Less significant but perhaps more interesting to C&E practitioners is the SEC’s discussion of the issue of code of conduct waiver – and specifically the failure to get a waiver of the code’s gift provision in connection with the reinstatement of the unprofitable route. The SEC noted that a companion document to the code had provided that: “exceptions would be granted only in accordance with the following procedure: Generally, requests for exceptions must be submitted in writing to the Director – Ethics and Compliance Program.  Approvals for an exception will also be in writing and must be obtained in advance of the action requiring the exception.”  Yet “no one at United sought a waiver of United’s Code of Business Conduct prior to initiating the … Route for Samson’s personal benefit. Nor did anyone at United seek or obtain an exception to Continental’s Ethics and Compliance Guidelines [which was still in effect following the merger of the two carriers]  prior to initiating the … Route. As a result, no written record reflecting the authorization for the … Route was prepared or maintained, as required by United’s Policies.”

Code of conduct waiver-related requirements are based on, among other things,  rules of the New York Stock Exchange and SEC . They derive,, to some extent, from the Enron case.  Yet in recent years I’ve heard very little about them. That may be because the NYSE and SEC standards apply to a narrow band of senior officials at public companies. Yet waiver requirements can go beyond this, as United’s ostensibly did.

So, is there any takeaway for C&E professionals from this aspect of the United case? One idea would be to include questions about waivers in audit interviews – which might pick up information that a question about violations might miss.

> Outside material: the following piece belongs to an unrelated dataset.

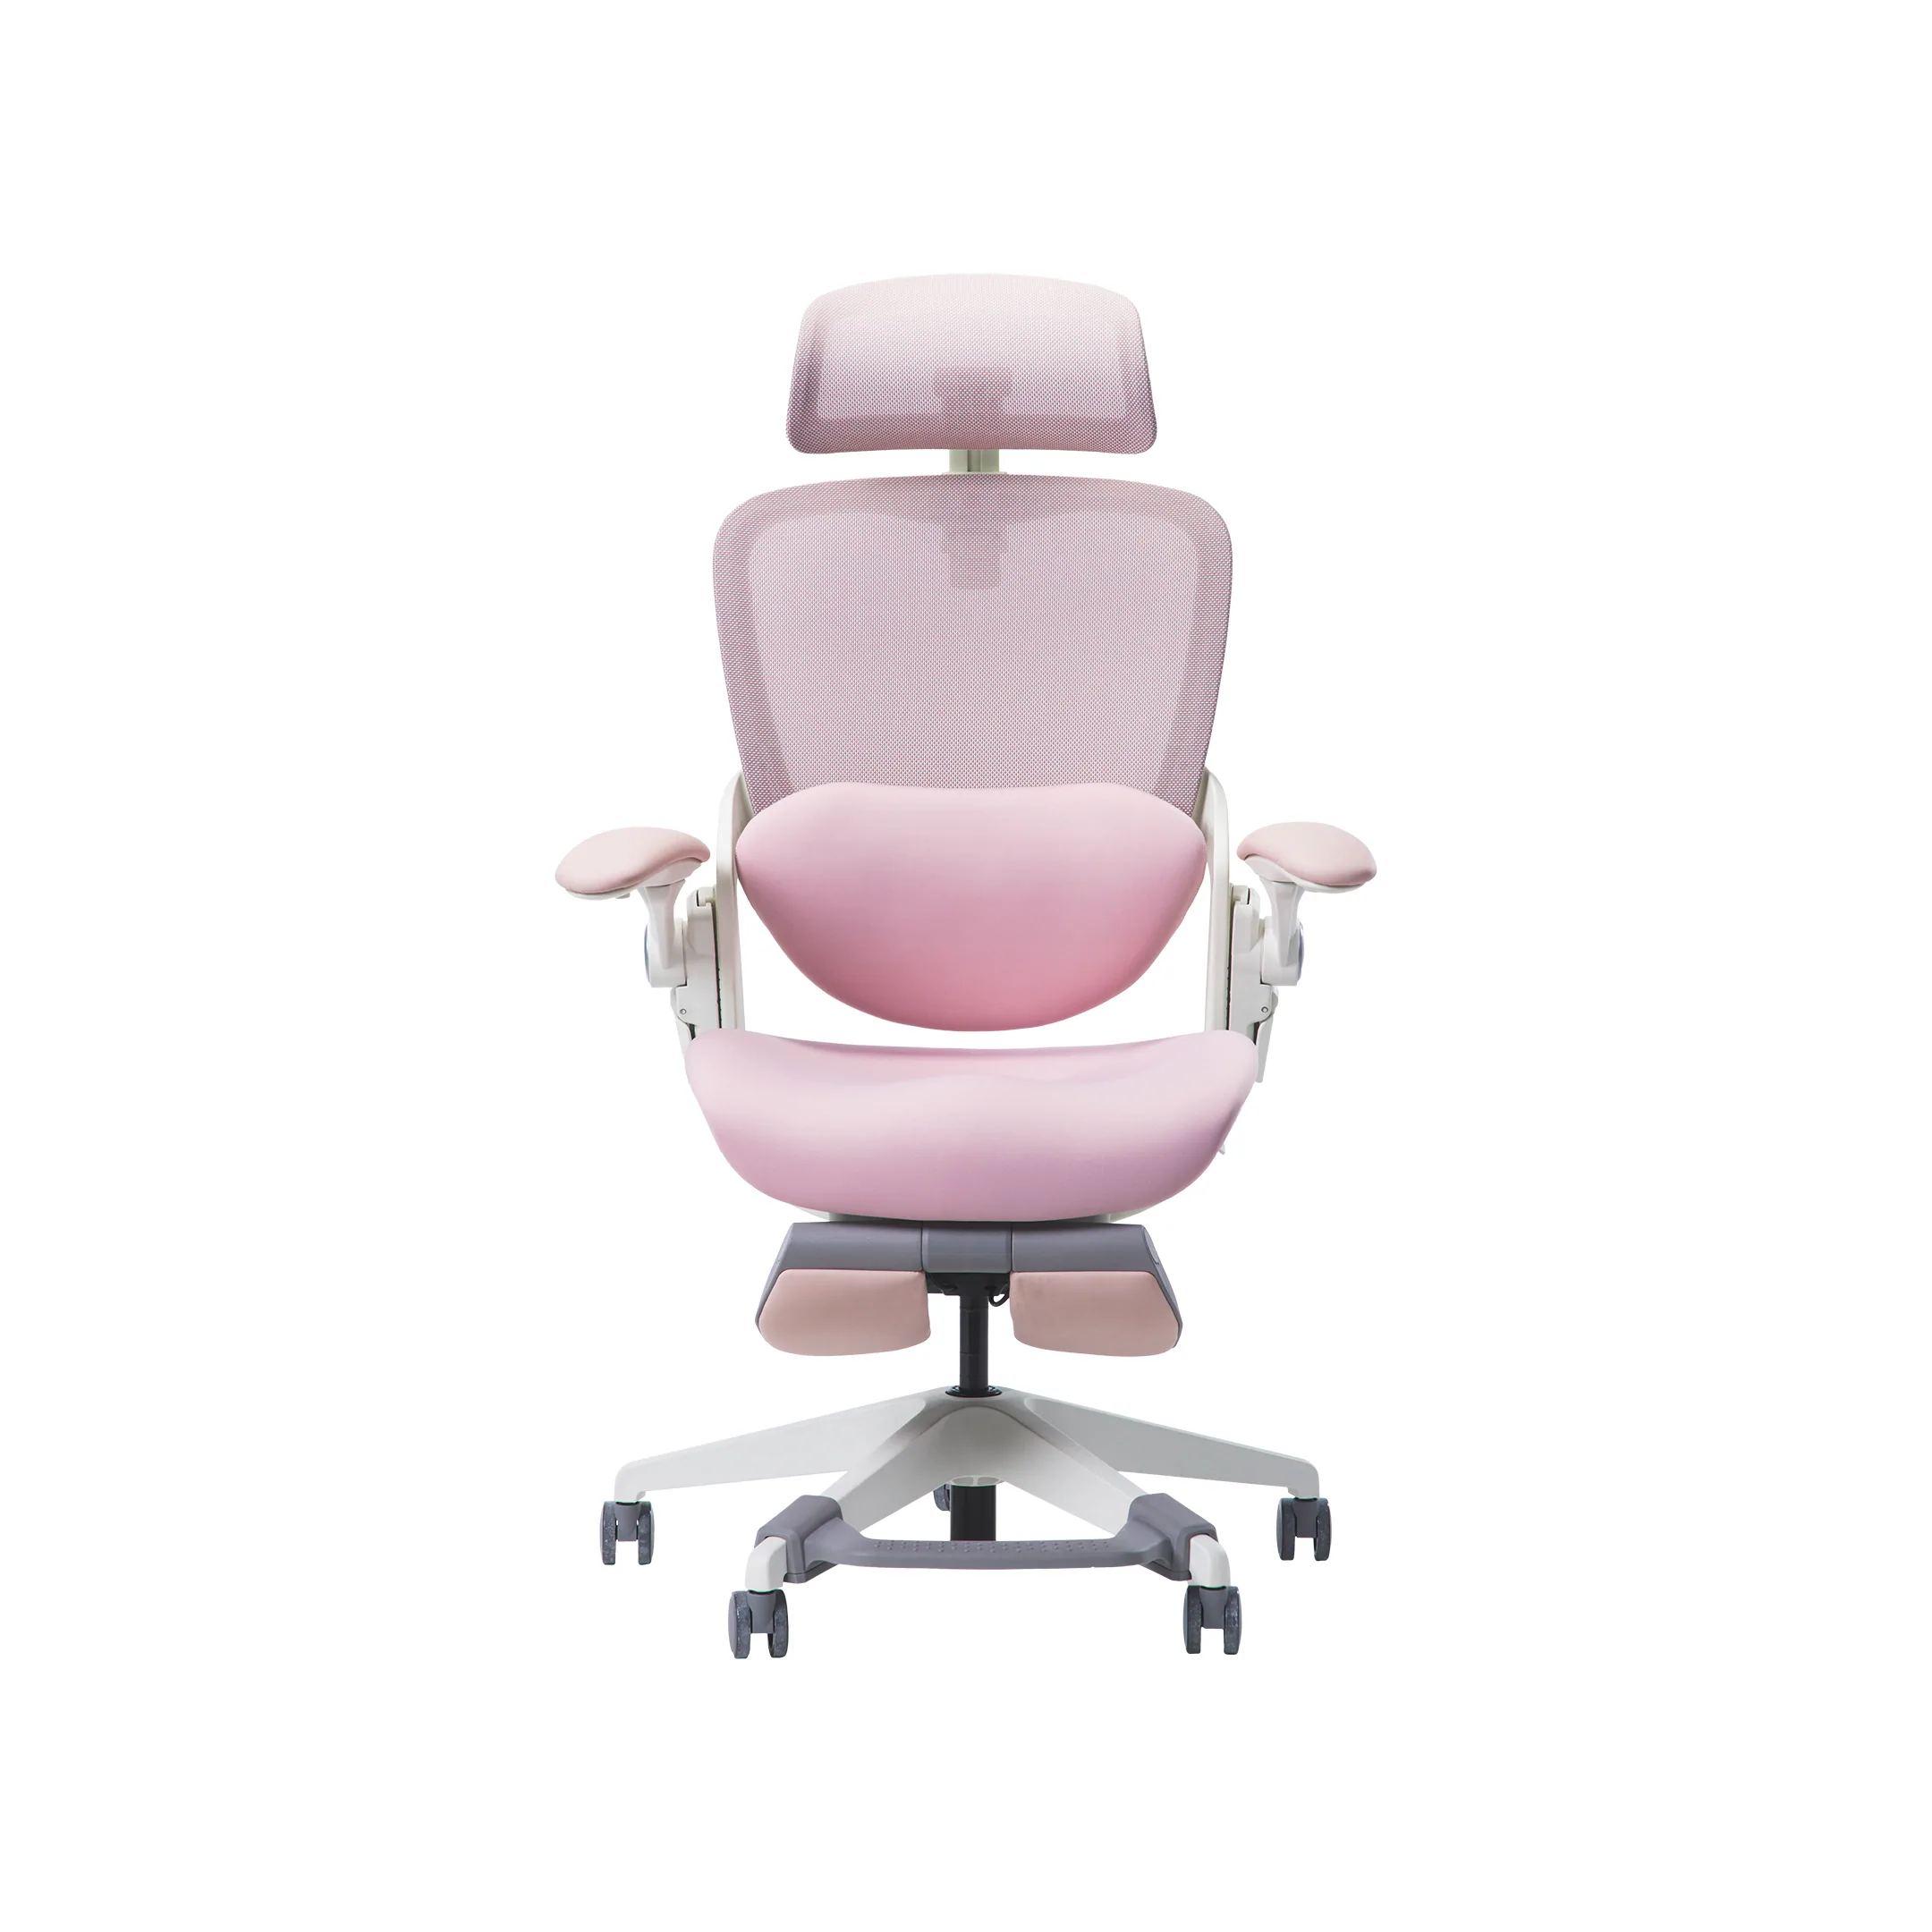 epione-easychair-blossom-front
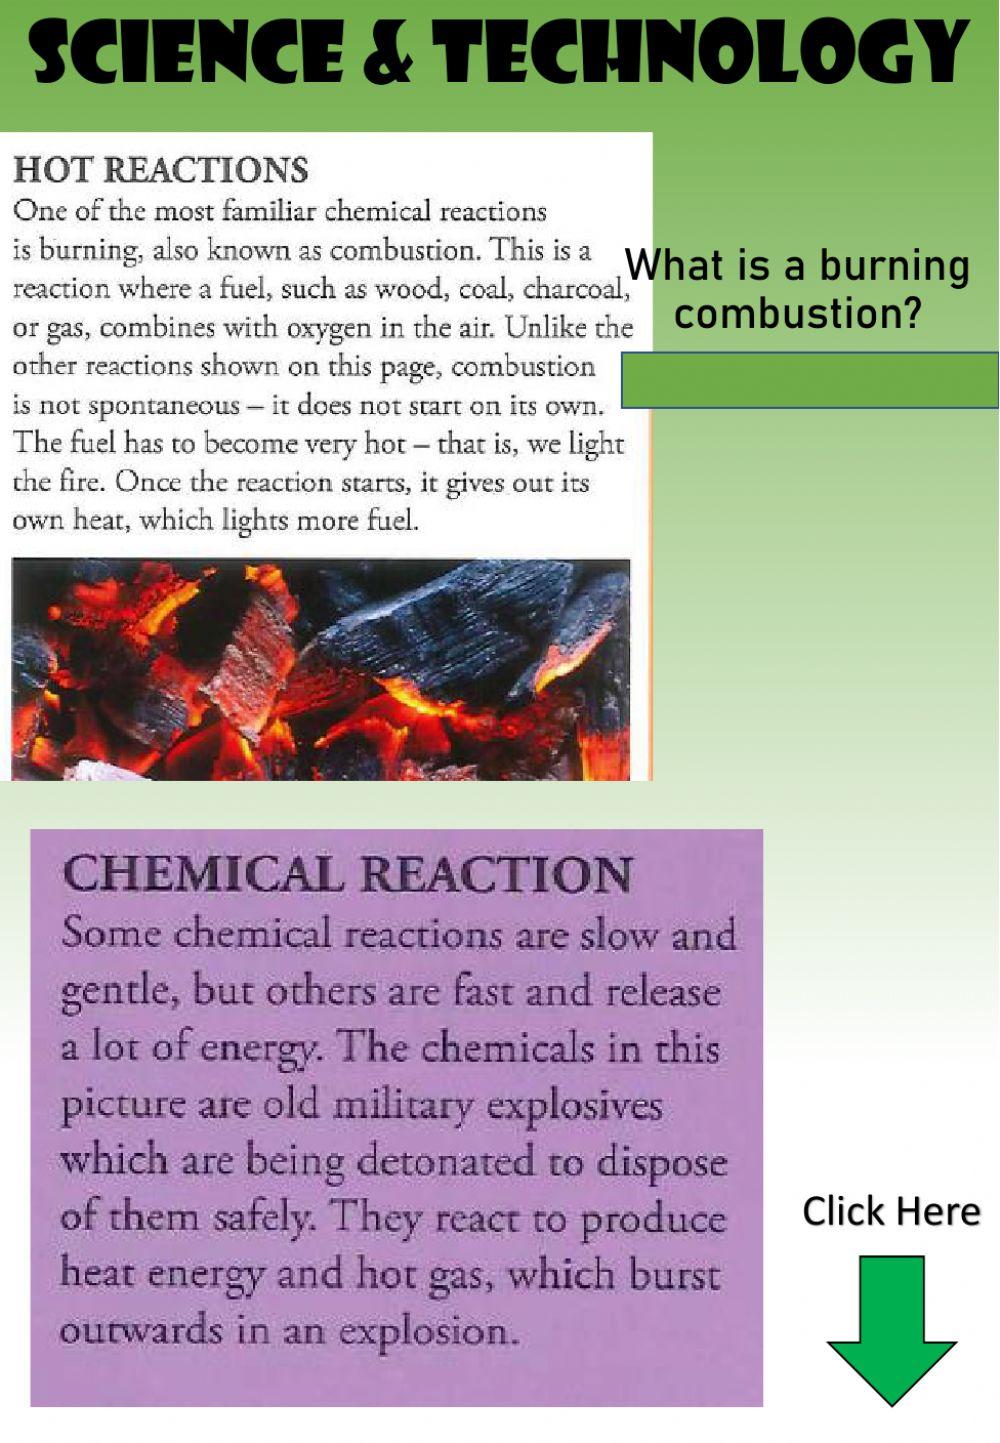 WEEK 19: THURSDAY: Chemical Reactions

A second is to include a discussion of waivers in training boards and senior executives – who may have at one point known the Enron-related origins of the waiver provision requirement but have likely forgotten this piece of C&E history.

Finally, for those revising their codes of conduct, one might consider requiring that waivers be granted only upon a clear showing that doing so would be in the best interests of the Company – and that all meaningful circumstances surrounding a waiver be documented in a complete and accurate way. Indeed, given that the SEC has taken the occasion of the United case to speak about code waivers, this is an area where companies should take a moment to make sure they are doing everything right.